God, Probability, and Life after Death
Title | God, Probability, and Life after Death PDF eBook |
Author | William Hunt |
Publisher | Lexington Books |
Pages | 287 |
Release | 2017-11-22 |
Genre | Philosophy |
ISBN | 1498526071 |
God, Probability and Life after Death reveals its objective in its title, namely, to present an exploratory argument concerning the probability of human resurrection. The exploratory argument follows a probabilistic passage along an evidential trail to the discovery of the probability of life after death. It is a trail that the reader can personally engage with in order to reach their own conclusion and even introduce additional evidence they think relevant.
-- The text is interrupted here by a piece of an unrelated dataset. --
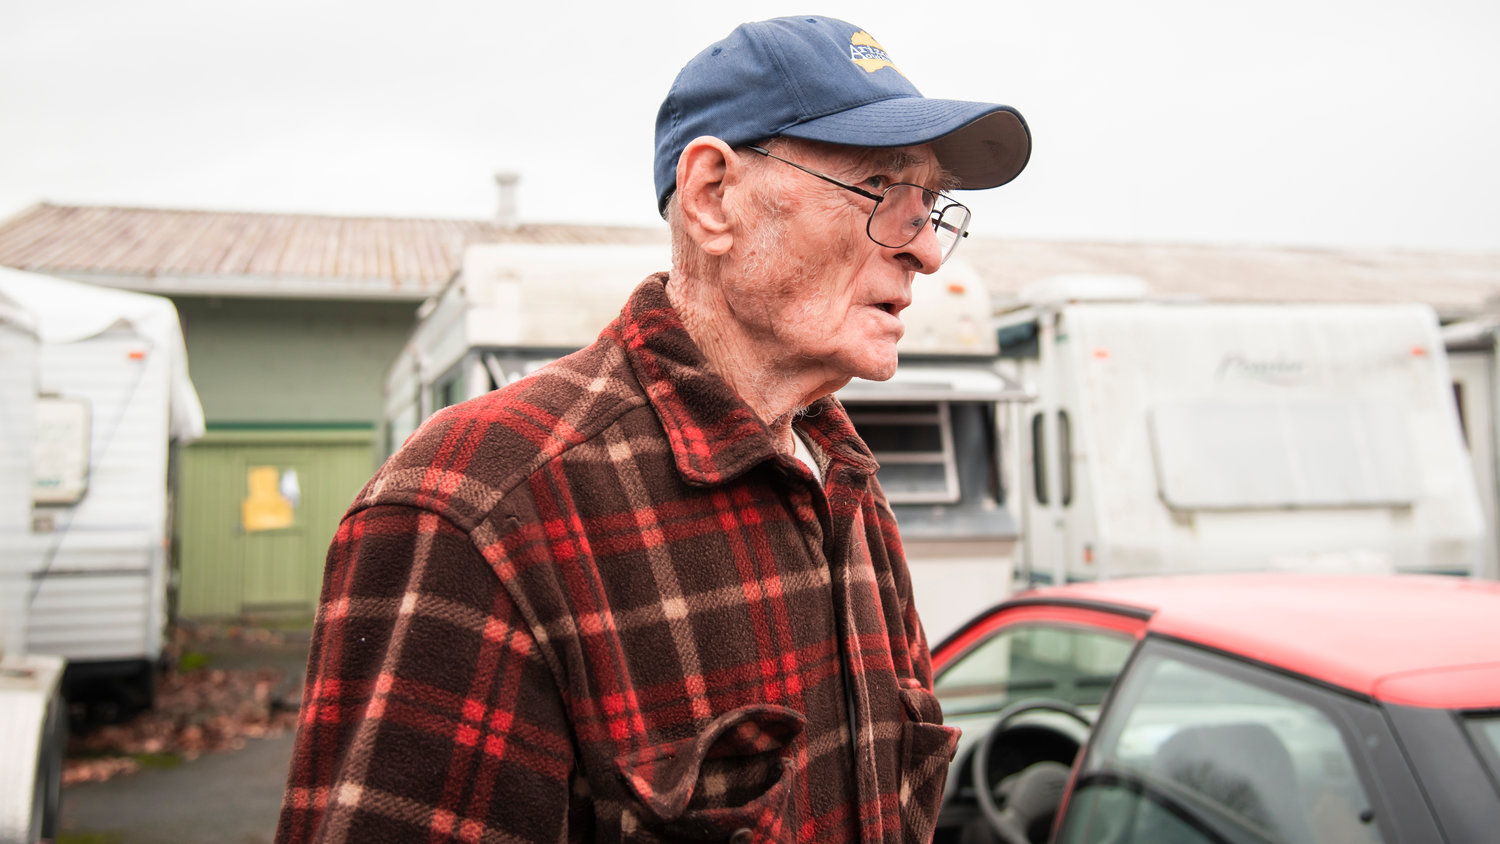 Willard Gabbard, 85, talks about living in a trailer outside Yard Birds for the past 12 years after his retirement and how he wants to stay, describing a six-month waitlist for other trailer parks.

The argument begins with the probability of the existence of God, and once a position is established on this issue, the argument becomes empowered for the next stage, which is to address the evidence for human resurrection, namely, the Resurrection of Jesus, near-death experiences and apparitions. The probabilistic relationship between the evidence and the resurrection hypothesis is critically examined throughout the book by engaging the potential views of an atheist and agnostic in addition to that of a theist. On this probabilistic journey, other issues relevant to the resurrection argument are introduced, such as personal identity and the possibility of resurrection given the nature of our world. Evidence and argument for a non-supernatural possibility for human resurrection are also considered. Significantly, the author does not assume the normal spiritual approach to human resurrection, when a disembodied soul leaves the body to continue a spiritual existence in a ghostly realm. Instead, a materialistic approach is taken, whereby the resurrected person survives in bodily form in a physical realm. The use of probability theory is intended to keep the evidential argument within the bounds of coherent reasoning. It also enables the argument to link one piece of evidence to the next in a probabilistic sequence that eventually leads to the conclusion that human resurrection is not only possible, it is also very likely.